Disclaimer: The content of this article does not constitute financial advice. This is a mere tutorial on how to set up the infrastructure for a trading bot.

The motivation

Well, a picture is worth a thousand words. See below the performance comparison of the S&P500 index and some of the mutual funds that compose the ML 401k portfolio, and make your own conclusions.

(Source: https:/finance.yahoo.com)

S&P500 vs FSELX
S&P500 vs RYSIX
S&P500 vs S&P500?

As you can tell, the performance of these mutual funds isn’t that great when compared to S&P500. Besides that, obtaining performance/risk metrics for those funds isn’t straightforward. Sharpe ratio, max drawdown, alpha, beta — good luck trying to find that.

We shouldn't blindly rely on corporations to manage our finances. By the end of the day, it’s our future and we’re the most interested in it.

But who has time to manage a portfolio? Well, this is why we need to automate it.

Let’s see how we can deploy our first trading algorithm.

The architecture

You’ll need:

  • Quantopian code. Write your own or search in the community. There’s a lot of good stuff out there, but I’d recommend a market neutral strategy (small market correlation, small Beta) due to the current COVID-19 market volatility.
  • PythonAnywhere account (you’ll need the 5 dollar/month plan): https://www.pythonanywhere.com/
  • Alpaca account (it’s free!)
    https://alpaca.markets
I should’ve been an artist.

Setting up the infrastructure

  1. Alpaca

Once you’ve created and verified your Alpaca account, click on ‘Go to Paper Account’ and hit the button ‘View’ in the ‘Your API Keys’. Take note of the key_id, secret_key and base_url.

2. PythonAnywhere

Creating a virtual environment

Time Magazine’s 2015 virtual reality cover spawned a classic meme. Pic: @PellyNV

Let’s start by creating a virtual environment with python 3.6 and install pylivetrader.

Pylivetrader is the package that will allow Alpaca to understand Quantopian algos.
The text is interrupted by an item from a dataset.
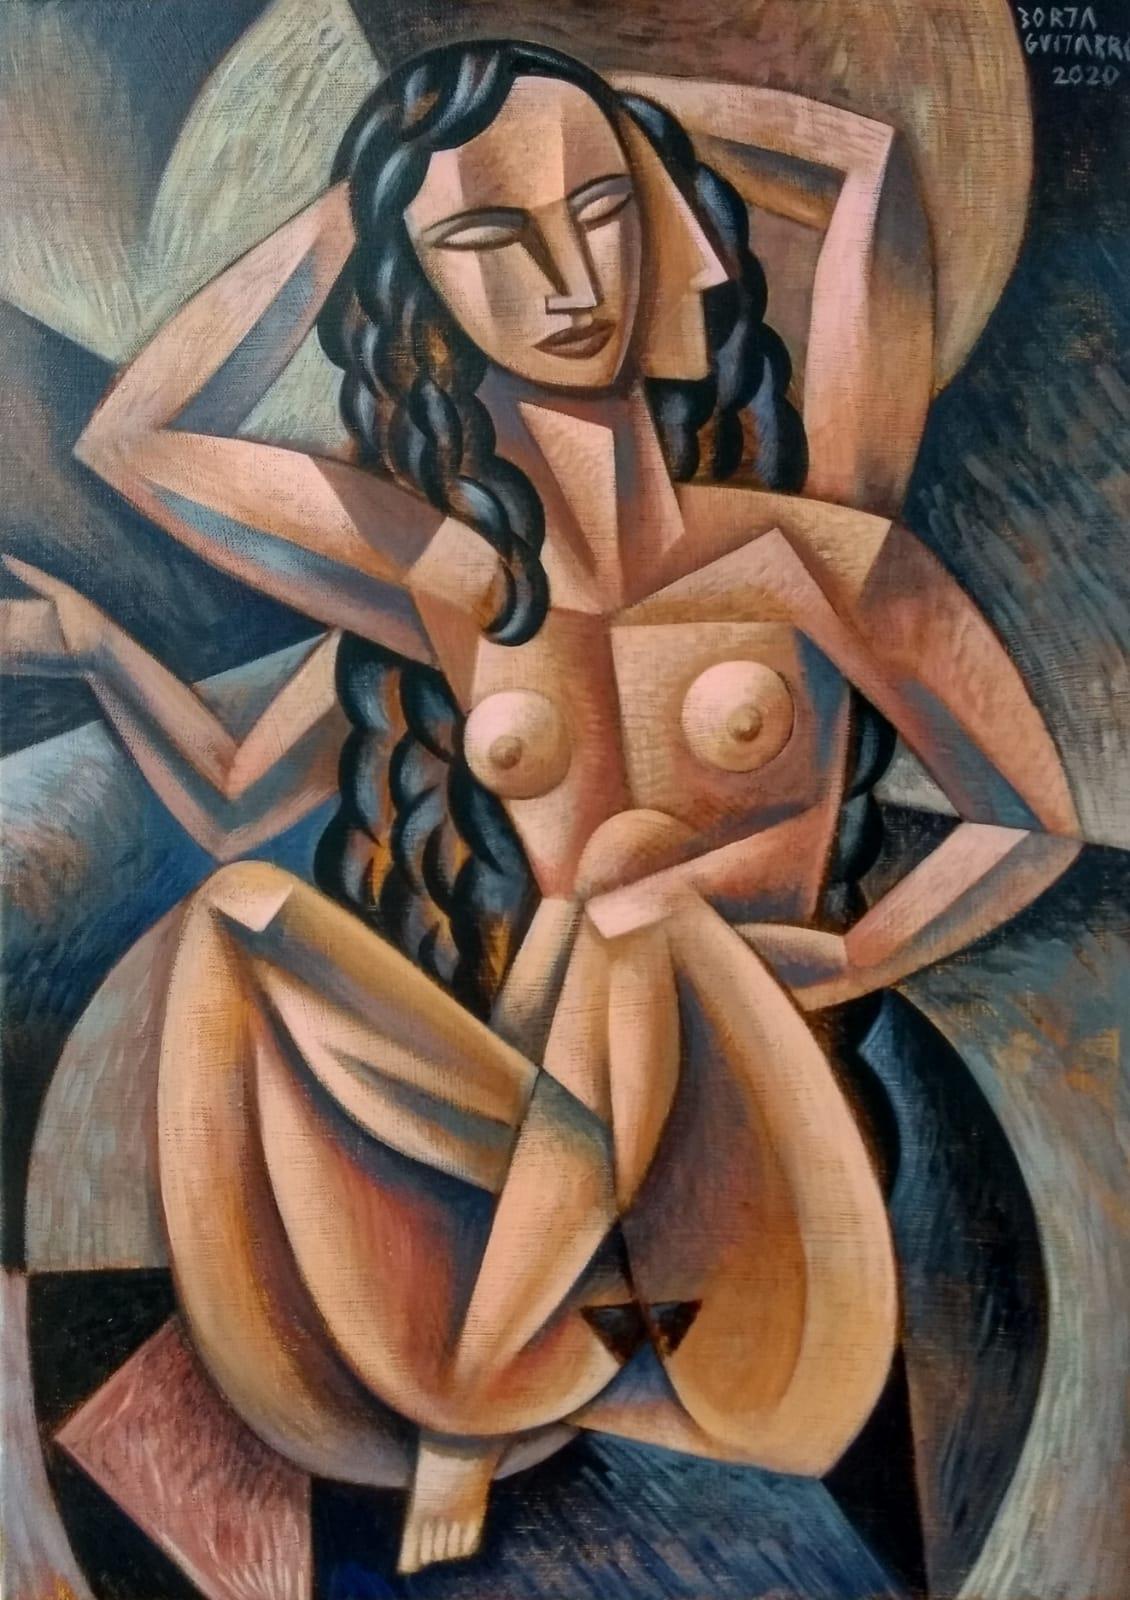 Borja Guijarro Nude Painting - Nude - original naked female figure modern study abstract cubism form painting

This package allows you to harvest the power of the backtesting capabilities of Quantopian and Alpaca’s algorithmic order execution, all glued together with PythonAnywhere while running uninterrupted in the cloud.

Upon creating and upgrading your account (to the cheapest plan), you’ll need to create a virtual environment with Python 3.6 and install pylivetrader.

Open a bash on PythonAnywhere and type the following commands:

$ python3.6 -m venv venv
$ source venv/bin/activate
(venv)$ pip install pylivetrader

Note that pylivetrader will only work with Python 3.6.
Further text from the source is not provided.